- _Task objective_
Leave out any picture and return the remaining listing below exactly as given.

- _Recorded data_
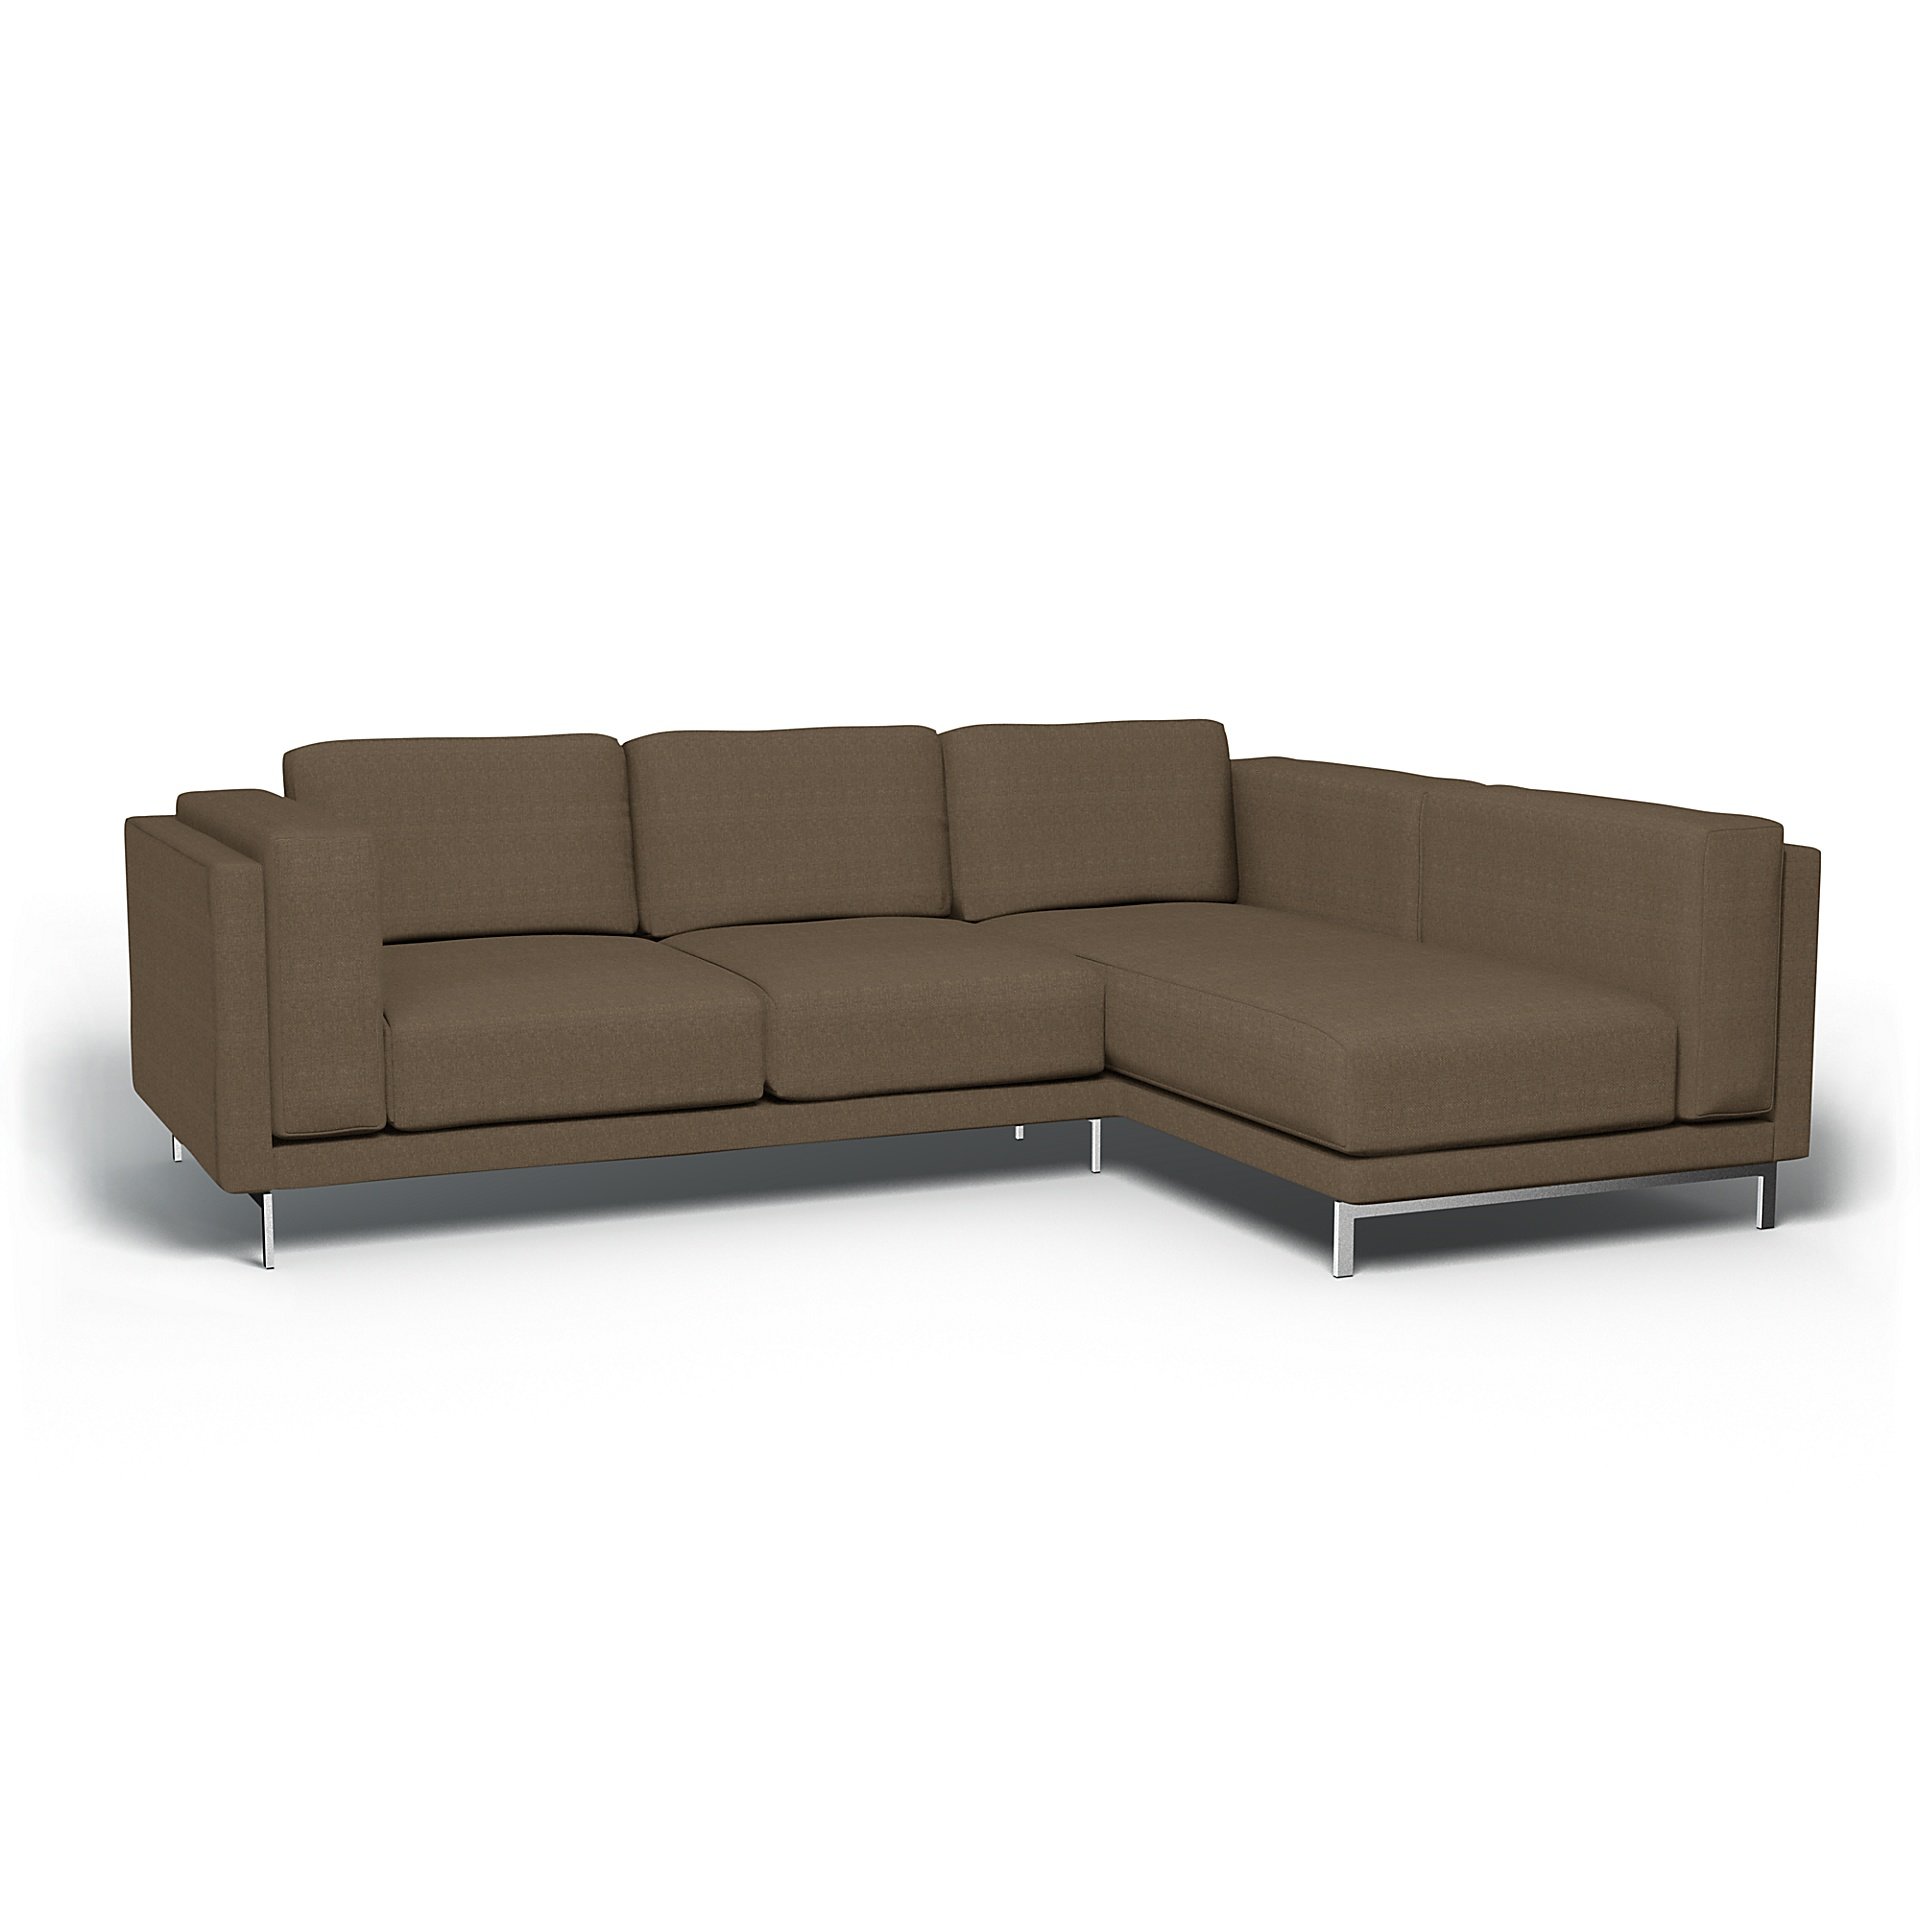 IKEA - Nockeby 3 Seat Sofa with Right Chaise Cover, Dark Taupe, Boucle & Texture - Bemz
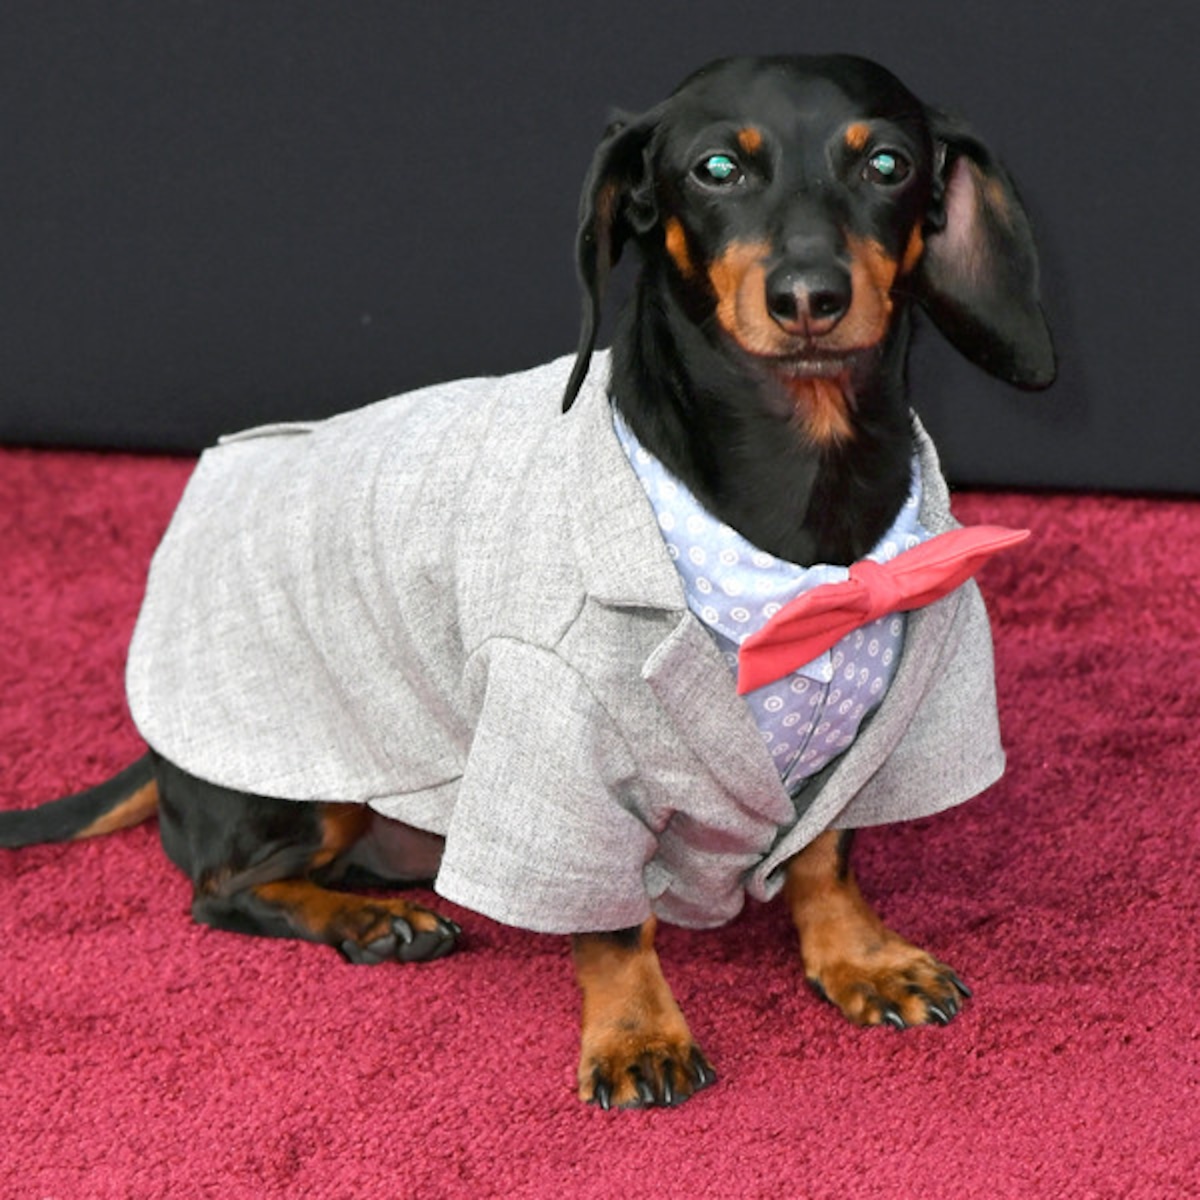 So Sweet! Crusoe the Celebrity DachshuId Is Your PCAs Animal Star - E!  Online
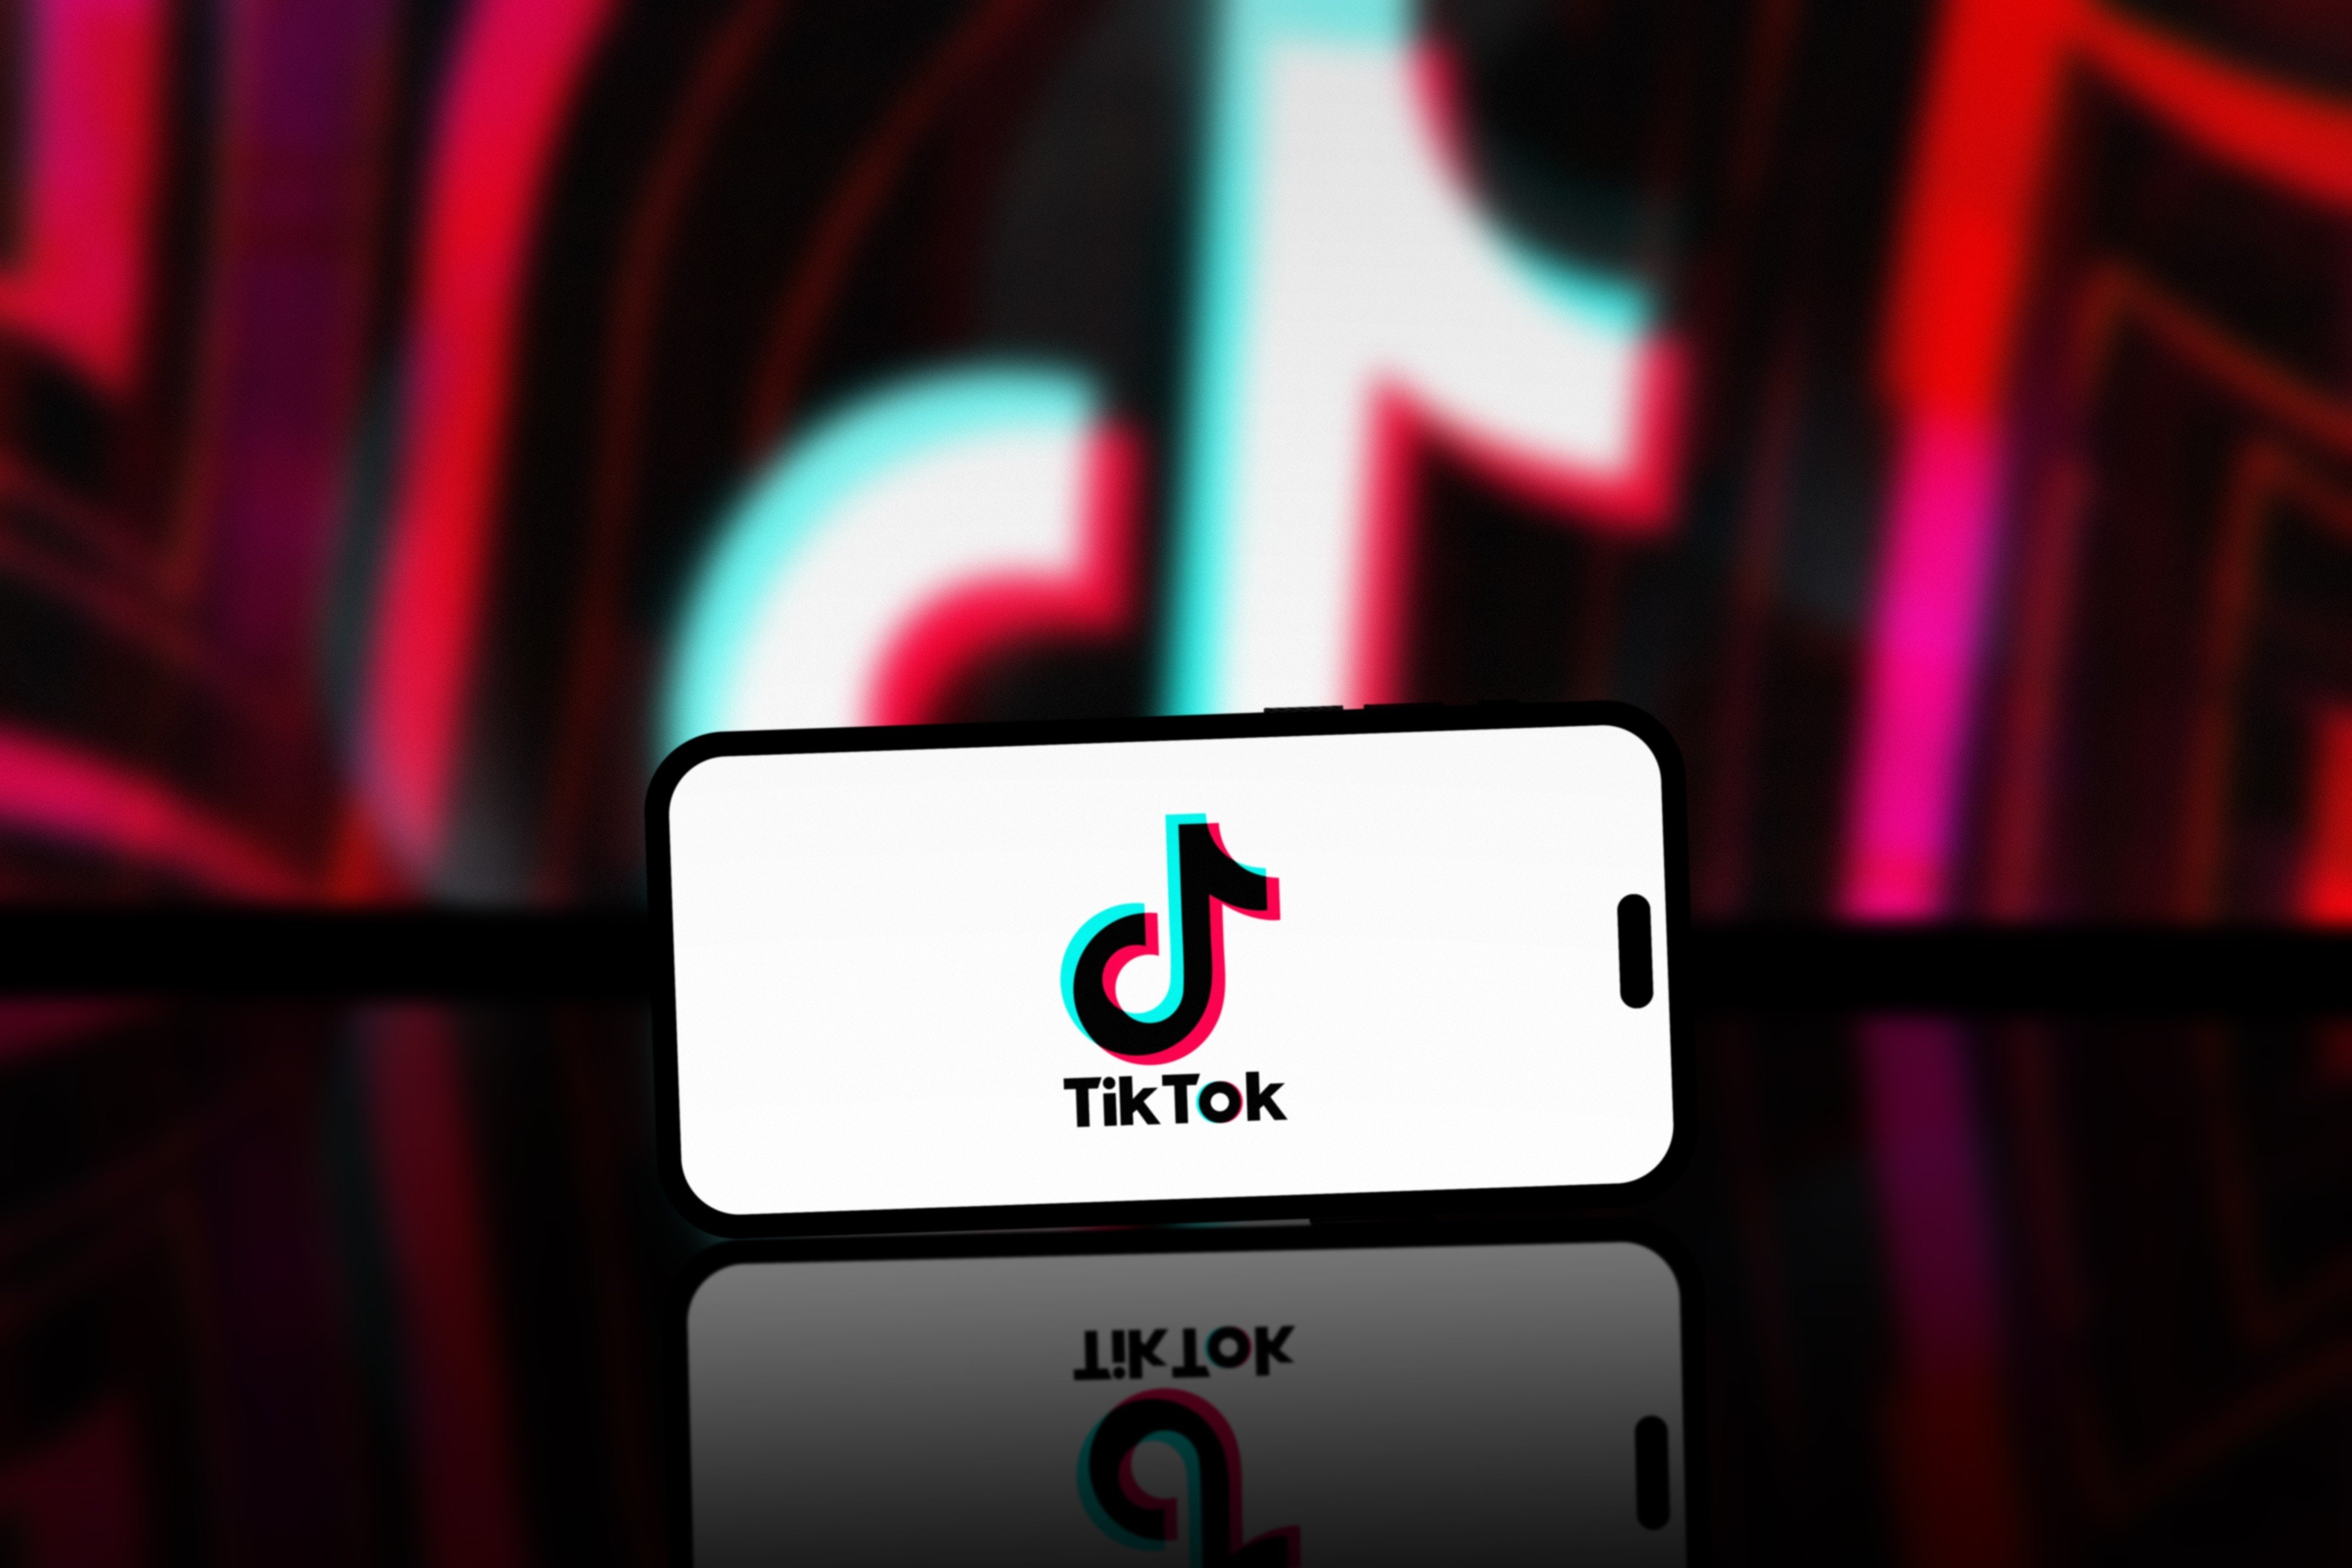 TikTok said its local services operations in Thailand and Indonesia are still in the testing stage. Photo: Shutterstock

- _Solution to the exercise_
 IKEA - Nockeby 3 Seat Sofa with Right Chaise Cover, Dark Taupe, Boucle & Texture - Bemz
 So Sweet! Crusoe the Celebrity DachshuId Is Your PCAs Animal Star - E!  Online
 TikTok said its local services operations in Thailand and Indonesia are still in the testing stage. Photo: Shutterstock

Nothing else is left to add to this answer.